I tried to implement hardware T&L in the graphicengine of Transport Magnat which will published in Europe in the States in coming October. In the GL-version we are using GlDrawArrays for the rendering of our landscape and our meshes. The performance is in my opinion much too slow, 15 frames if you are looking on a wood, 40, if you are looking just on the landscape with some flowers, trees and stones.

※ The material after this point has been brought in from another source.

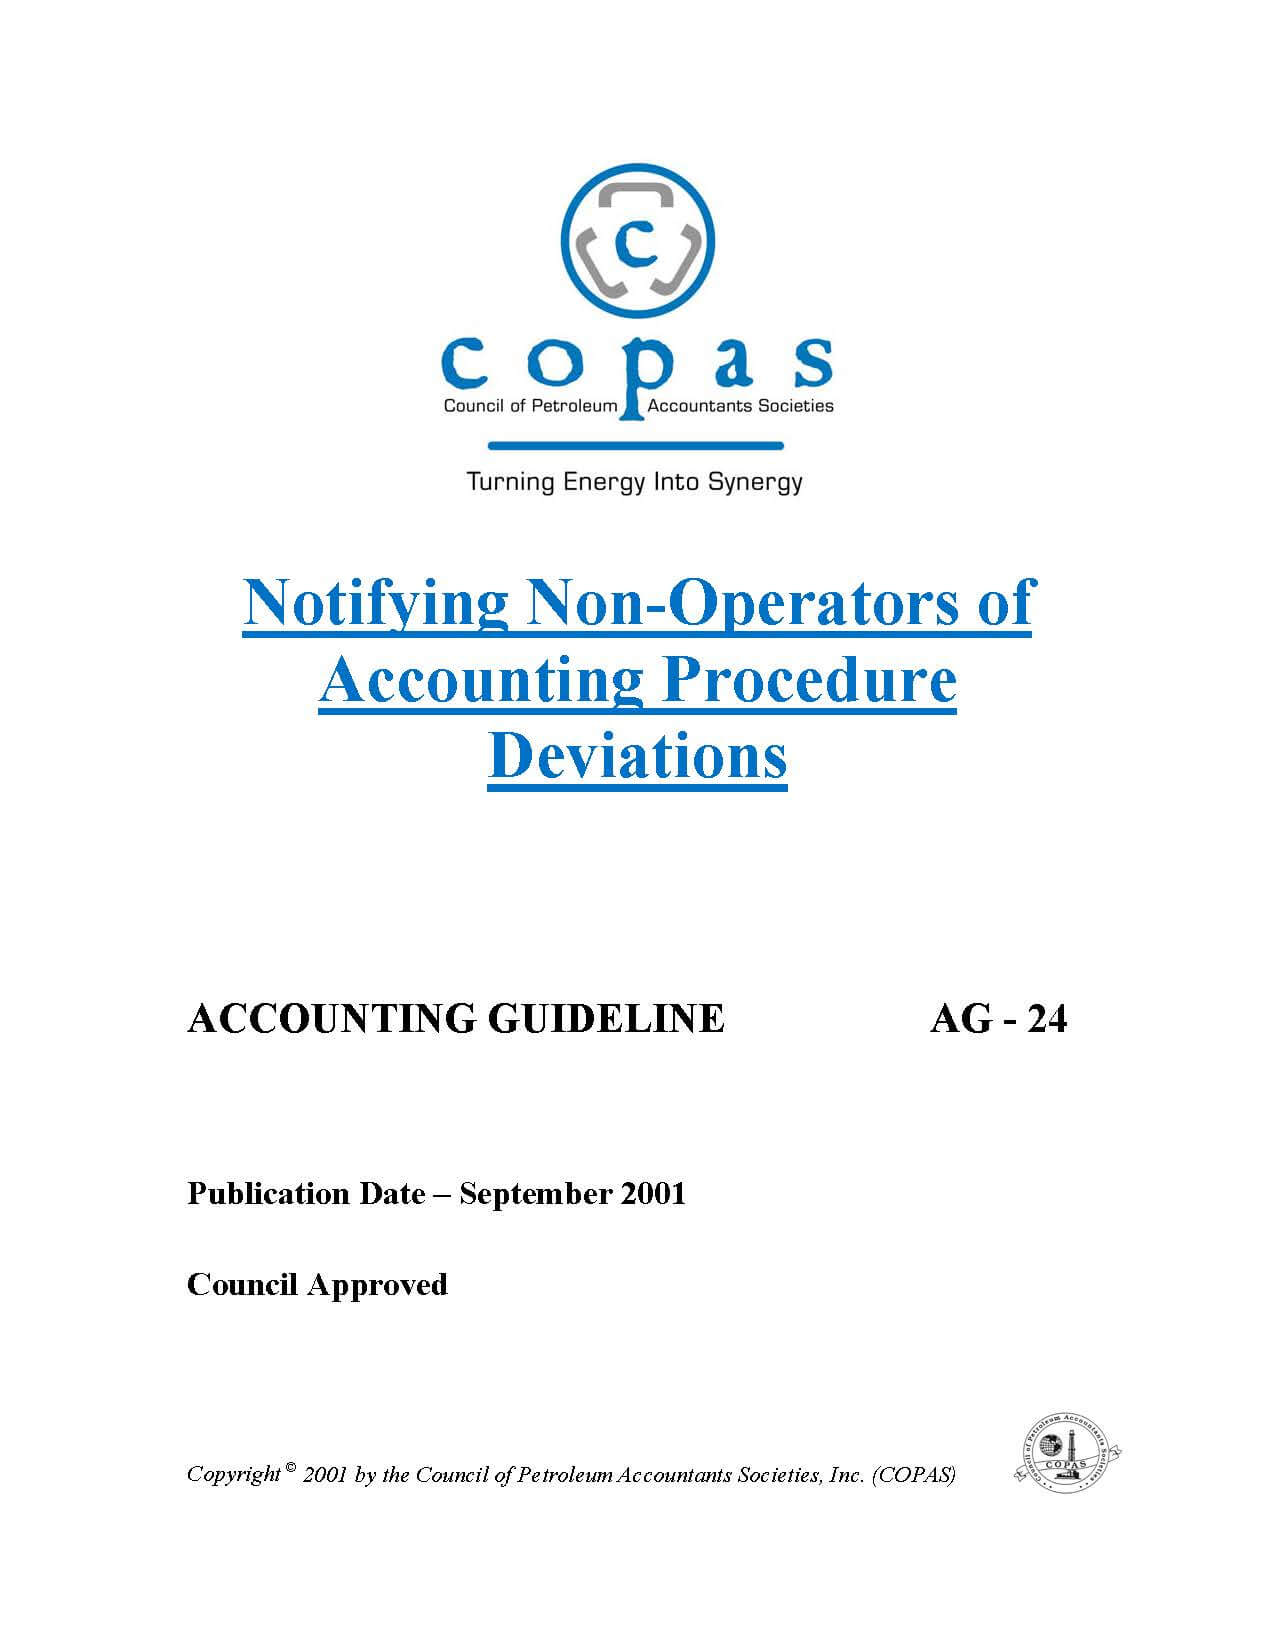 AG-24 Notifying Non Operators of Accounting Procedure Deviations

I experimented with glVertexArrayRange in a little demoprogram and the results there were absolutely great, 1.7 million polygons per second without VAR, 7.2 million polygons using var, so very similar results to the demo offered by NVidia (learning_var). So far so good. First of all I was very surprised that it was impossible to allocate AGP-memory, I debugged the learning_var-demo and even there it was impossible to do this. As alternative learning_var is using hardwarememory then (at least in the docu is written, that if your last param is 1.0, it’s hardware-mem). Ok, in the docu there’s written, the write access to this would be very slow, why can I write the vertexdata for 7.2 million polygons rendered through trianglestrips then, if it’s officialy slow? This is one of the facts, which are very mysteriously in my opinion, that AGP memory is anyway on absolutely no one of our PCs in the whole firm allocateable anyway. So, how ever, so we’ve allocated a block of memory now, nobody knows where it really is, but how ever. So the experiment-results were great, everybody in firm was saying “Wow, is T&L fast, I want a Geforce toooo!”.

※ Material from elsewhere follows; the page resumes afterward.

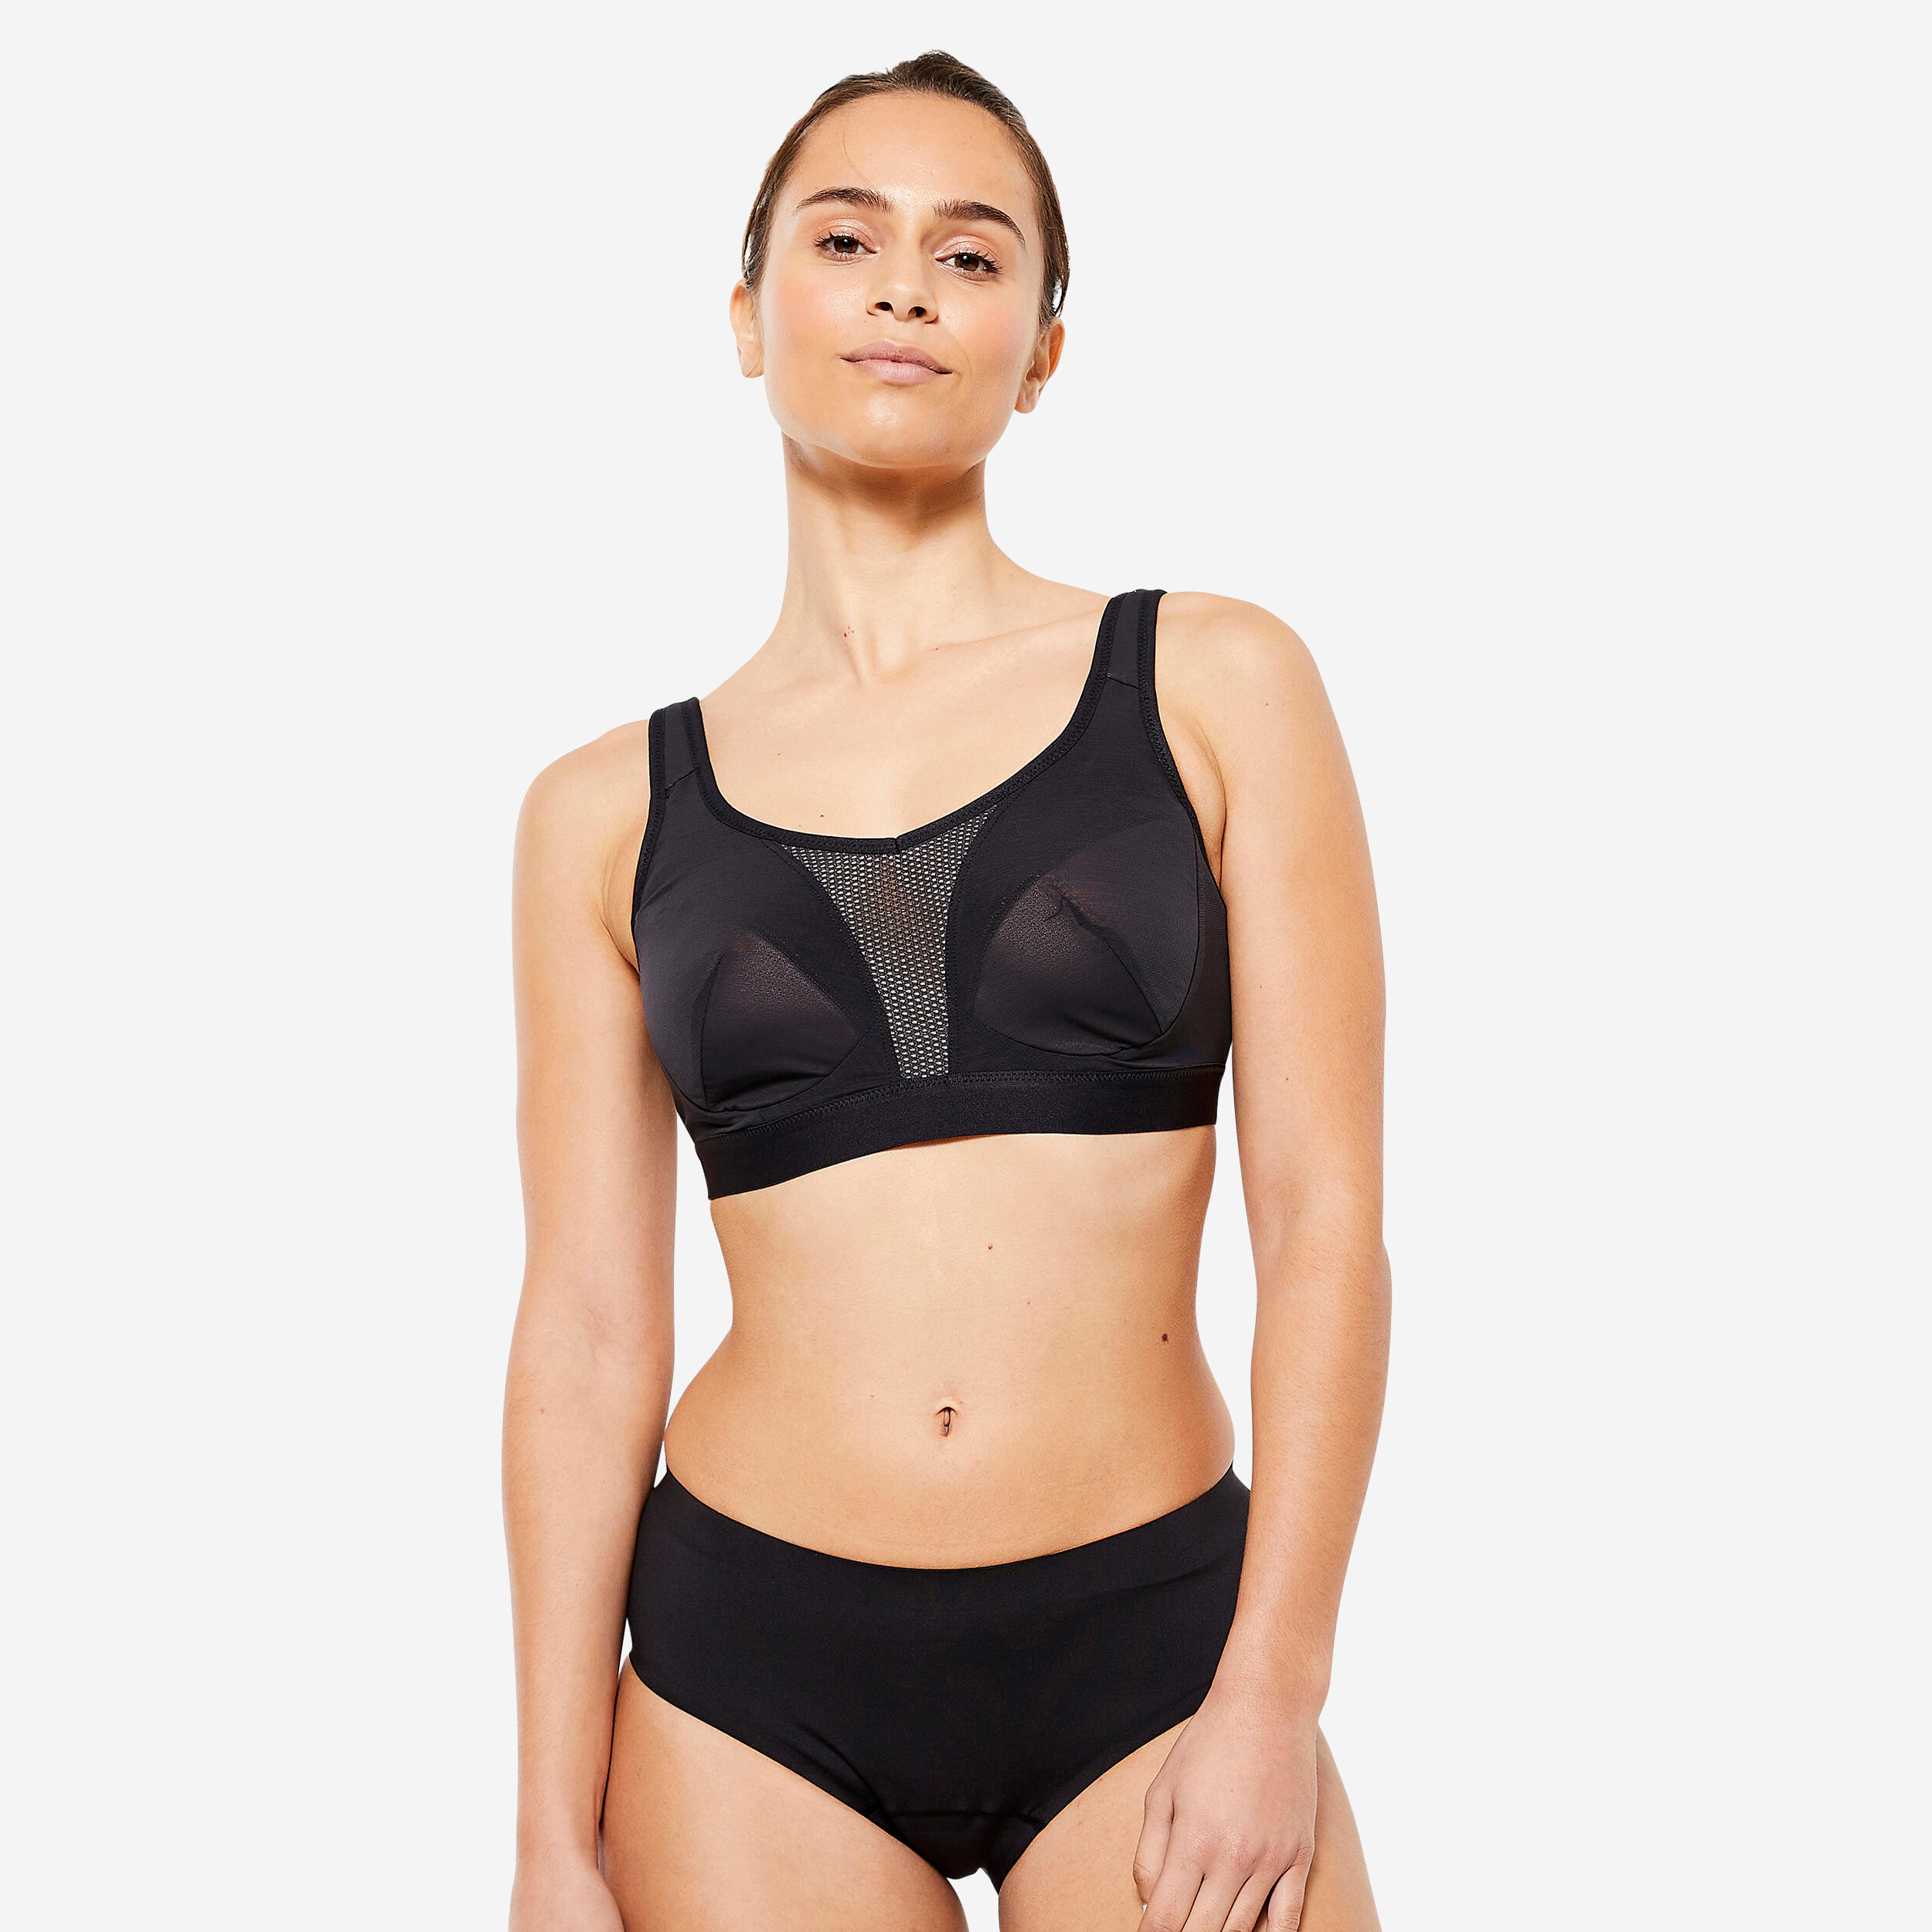 Women’s High Support Bra with Crossed Straps - Black

Then the practical test to implement it directly in the gameengine. I tried to draw the trees with the help of VAR and the results were absolutely awful, without VAR 15 frames, with war 10 and my mouth hang down as if I’d seen a ghost. So far so bad. I looked for which costs frames and found out, that the enabling and disabling of GL_VERTEX_ARRAY_RANGE_NV is absolutely deadly. So I just still enabled it at the start of the program, outcommented all source, which could have problems with this and tried again. 20 frames without T&L, 19 frames with. And this on all PCs here, which are all using Geforce 2MX, but else with completely different configurations. =(
After two long neights of trieing to reach a great performance using VAR, I gave it up, absolutely no performance increase, with a lot of limitatins still the same framerate as without using VAR. The only positive thing I detected was, that the Z-buffer-test was faster and that if I set the viewrange to more far than the Z-far is set to, that the framerate really becomes a bit higher, but…that’s senseless for our engine, because we are normally anyway just drawing objects in range.
I am buffering all my objects and render them before the BufferSwap through just some less calls of DrawArrays.

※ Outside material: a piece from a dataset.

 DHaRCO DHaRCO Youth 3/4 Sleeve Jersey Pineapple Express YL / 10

So…is it really possible to increase the performance by the factor 4 through VAR, is there anyway a got solution for increaing the performance or is the learning_var-demo just a fake and gets all of it’s performance just through the matter that the most of the polygons are Z-culled as in my experiment-program as well through which it saves fillrate-performance?
Michael Ikemann / Virtual XCitement Software Gmbh.